Reputation: 3
I have some pretty large tables (~30M rows) that have the following similar structure:
- item_id - uint
- item_text - varchar(255)
- user_id - uint
There are no keys, and you can find records with same item_id and item_text but different user_id:
item_id, item_text, user_id
3, text1, 5
3, text1, 7
4, text2, 5
I'm trying to move from MySQL to Sphinx for doing text searches, so how can I translate something like:
SELECT * FROM table WHERE user_id=123 AND item_text LIKE '%search_string%'. ?!

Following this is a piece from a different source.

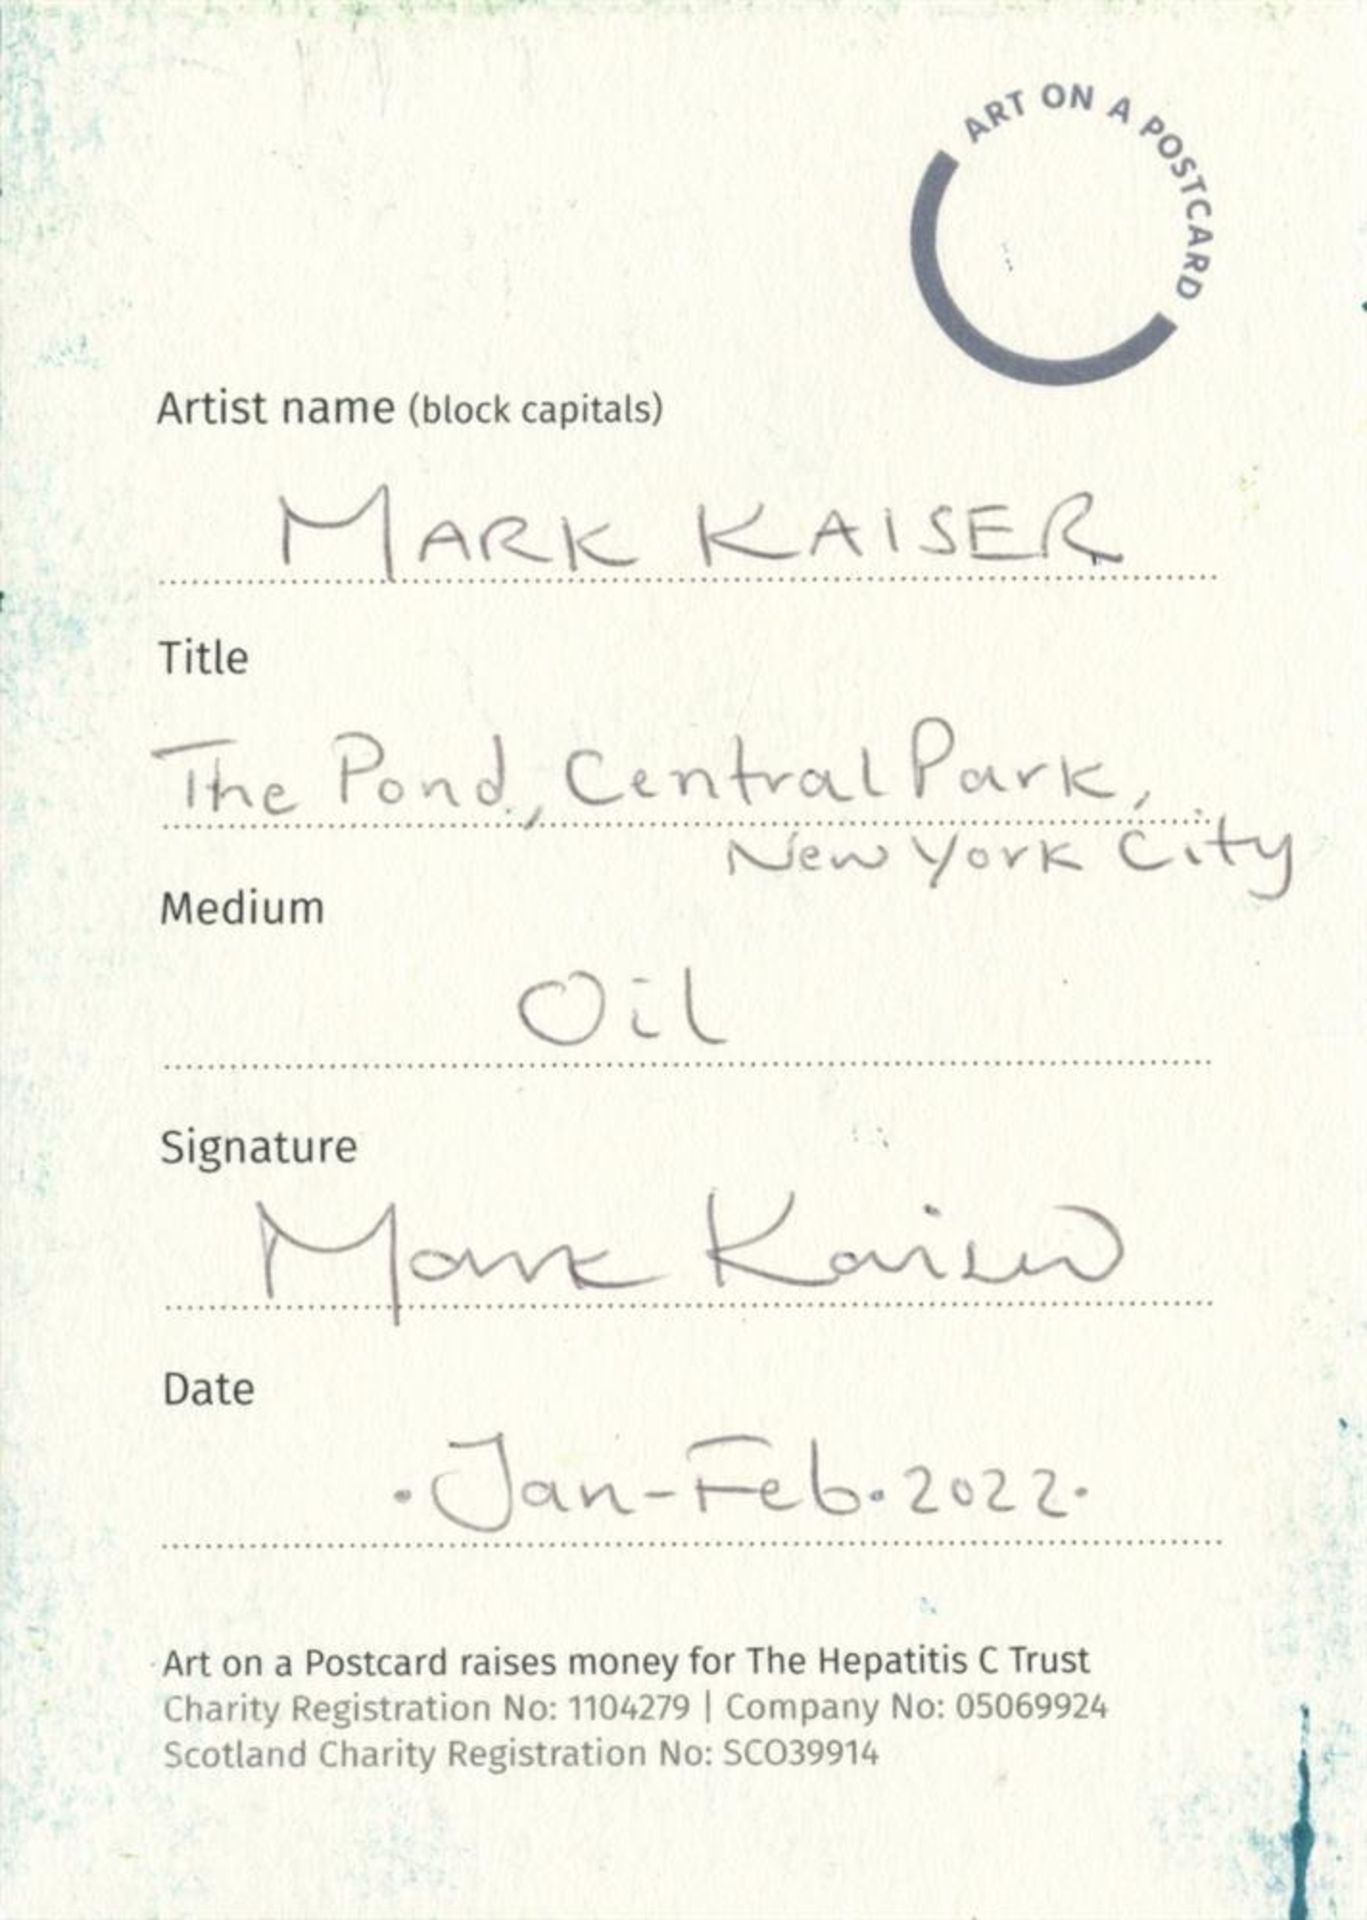 Mark Kaiser, The Pond, Central Park, New York City, 2022 - Image 2 of 3

With the current sphinx config setup the indexer is running out of disk space:
source items
{
...
sql_query_pre = SELECT @id := 0
sql_query = SELECT @id := @id + 1, item_id, item_text, user_id FROM items
sql_attr_uint = user_id
sql_attr_uint = item_id
}
index items_index
{
source = items
path = ...
enable_star = 1
min_prefix_len = 0
min_infix_len = 3
min_word_len = 3
}
Is there a way to use sql_attr_multi to store the user_id values found for each item_id ?
Thanks !
Upvotes: 0
Views: 3188
Reputation: 21091
You could do,
source items {
...
sql_query = SELECT item_id, item_text, GROUP_CONCAT(user_id) AS user_id \
FROM items GROUP BY item_id ORDER BY NULL
sql_attr_multi = uint user_id from field;
}
Also asking yourself, if you really min_infix_len? That vastly inflates the disk size (far more than duplicate rows will). Or maybe try dict=keywords
Upvotes: 3